In fact, medical product recalls – in particular severe, life-threatening pharmaceutical drug and medical device recalls – have increased steadily over the last decade.
It is no surprise that medical product recalls are universally negative events. Firms seek to avoid them, customers despise them, and federal regulators are forced to oversee them. They are associated with millions of dollars of unwanted corporate costs and stock price declines, along with substantial and costly regulatory oversight each year.
I spent over a decade as a manufacturing manager in Fortune 500 medical device firms, making scores of recall decisions and recommendations – some good decisions, some less so – and the last several years as an academic researcher committed solely to recall research. My colleagues and I have closely studied what causes defects that lead to recalls, as well as biases that exist in managers’ decisions to recall.

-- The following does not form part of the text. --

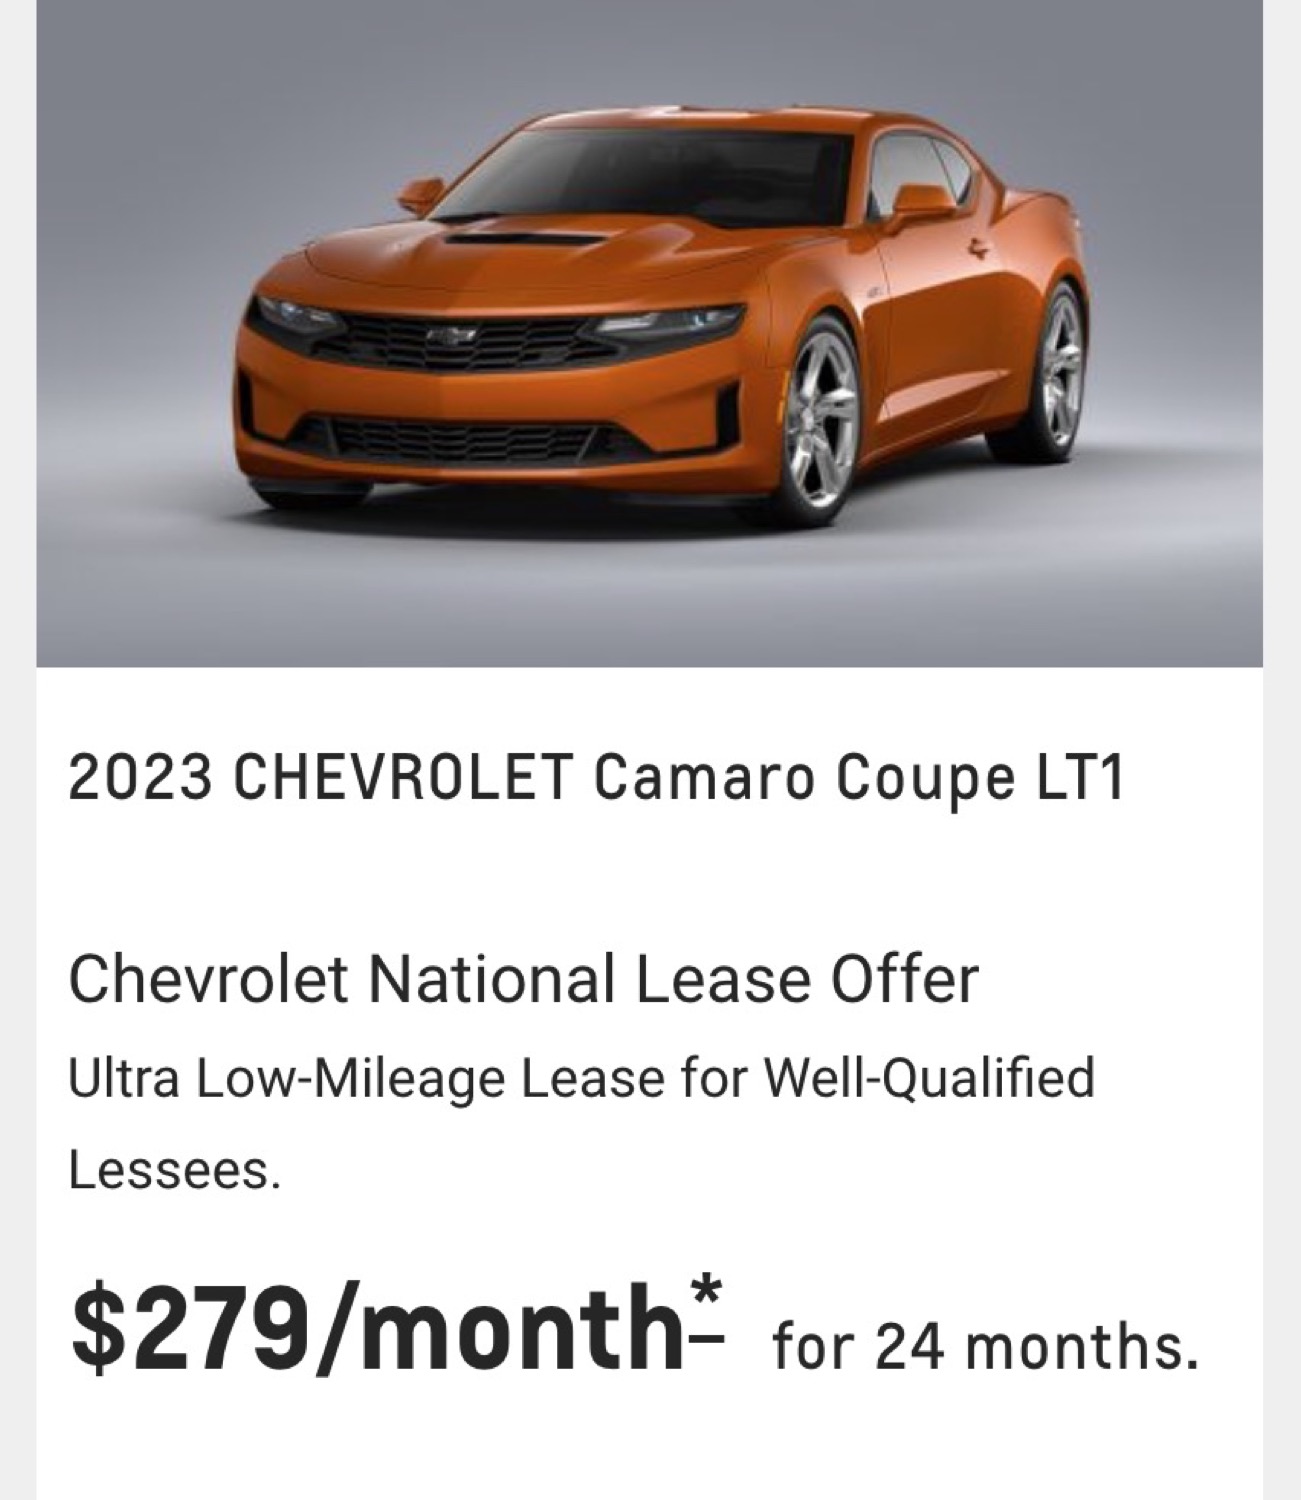 Chevy Camaro Discount Low-Interest Financing In January 2023

In capitalistic markets, competition is viewed as a force for good. Competition can lower costs, increase access, and hopefully improve quality. These benefits attributed to competition explain the steady call for greater access to generic drugs.
While it is seldom discussed in the crowded debate on health care costs, there may be a downside to the never-ending call for cheaper generic drugs and more affordable care.
Research conducted with my colleagues Rachna Shah from the University of Minnesota and Kaitlin Wowak from the University of Notre Dame shows that intense generic drug competition leads to an increase in severely hazardous manufacturing-related drug recalls.